It is a fine line. But each individual is apprehending reality and adding value to his life, objectively. Subjectivism is fundamentally a denial of reality. Not to argue from authority (ha!) but I can't find a quote by Rand - maybe in her 'Letters' - where she exclaims "And don't talk to me about subjective values!"(As I recall).

The suicidal man cannot have higher value in death, as I see it. He's simply lost all ability to value, which is the value in life.

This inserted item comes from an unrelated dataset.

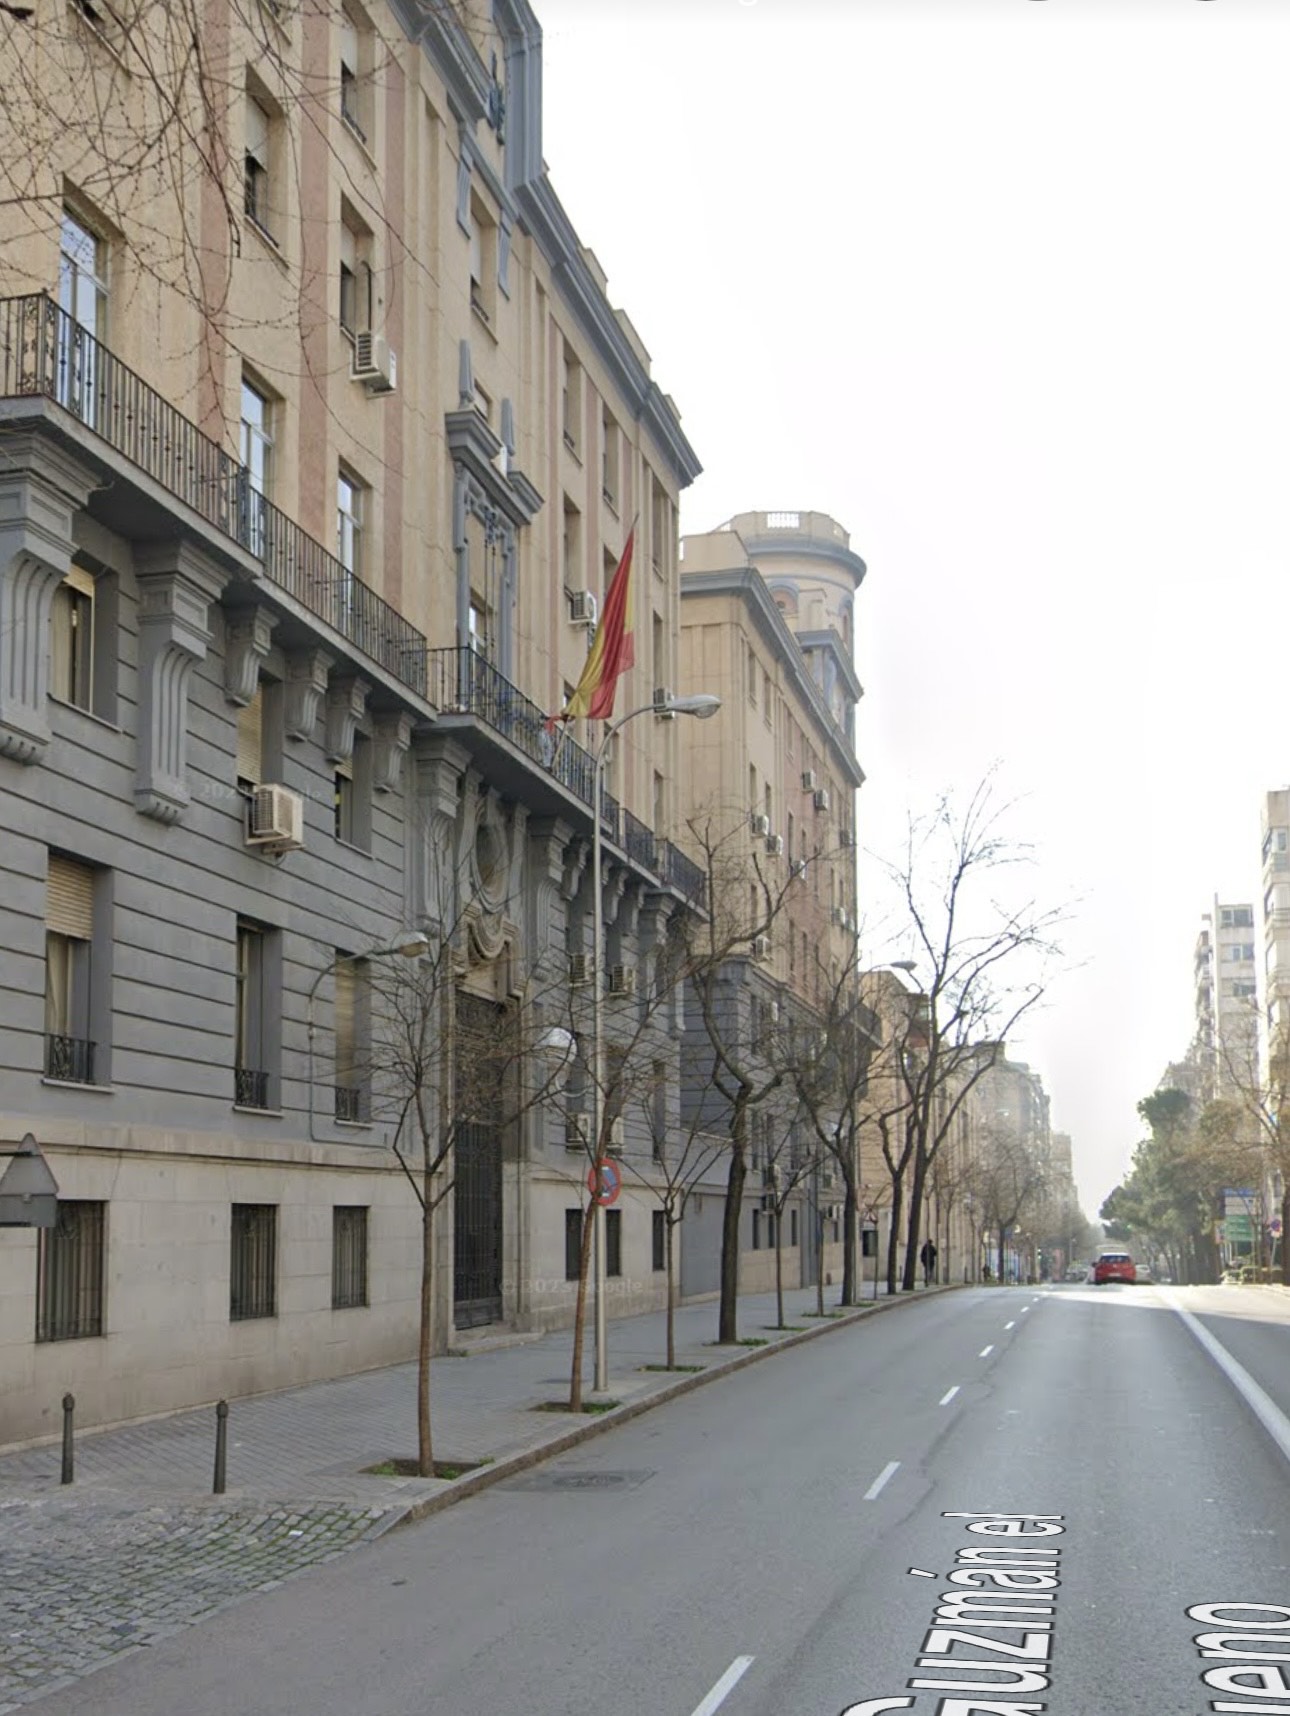 Ministerio del interior-Google Maps- Interior refuerza medidas ante posible atentado yihadista en Semana Santa en España
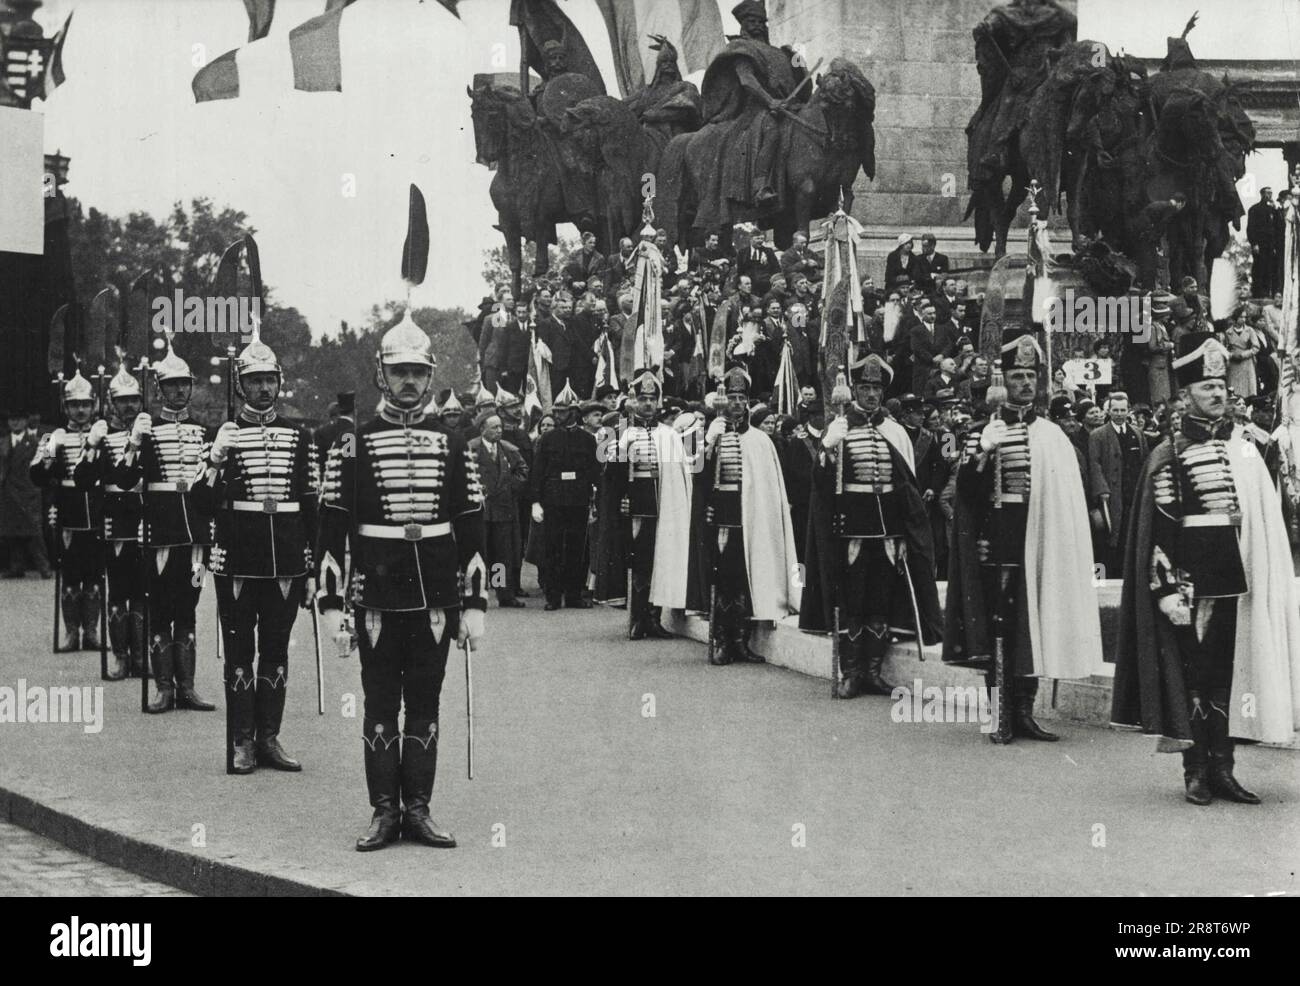 Gedenktag in Ungarn - in Budapest wurde unter Beteiligung der gesamten Bevölkerung des Gedenkfeiertags gefeiert. Mitglieder der Leibgarde unter der Krongarde ziehen weiter. 1. August 1933. (Foto von Presse-Photo G.M.B.H.). Stockfoto

In a basic way, all of virtue and value, and all the rest on ethics - aids men and women in never getting to that point. The first choice to the final choice is to choose to value or not.

Hi Tony,

It's so rare that I disagree with you in the slightest. Here is one of those cases. Not just a semantics quibble I don't think. In "The Psychology of Self Esteem" Nathaniel Branden said something to the effect that the only laboratory we have to understand the psychology of others is our own mind. Unfortunately that comes with some insurmountable limitations. We cannot really know the thoughts in another persons mind. Our values are driven by our natures which differs slightly from person to person and also is modified by our experience. We cannot judge the value systems of others on an 'objective' scale except for our own. We can judge their actions related to our well being and according to our own moral values only. As far as others values we can only classify them as subjective and deal with their actions only. It's difficult enough to unravel the objectiveness of your own value system let alone that of others. As far as the suicidal man having lost all ability to value, what of the soldier nearest the grenade who falls on it to save his fellows?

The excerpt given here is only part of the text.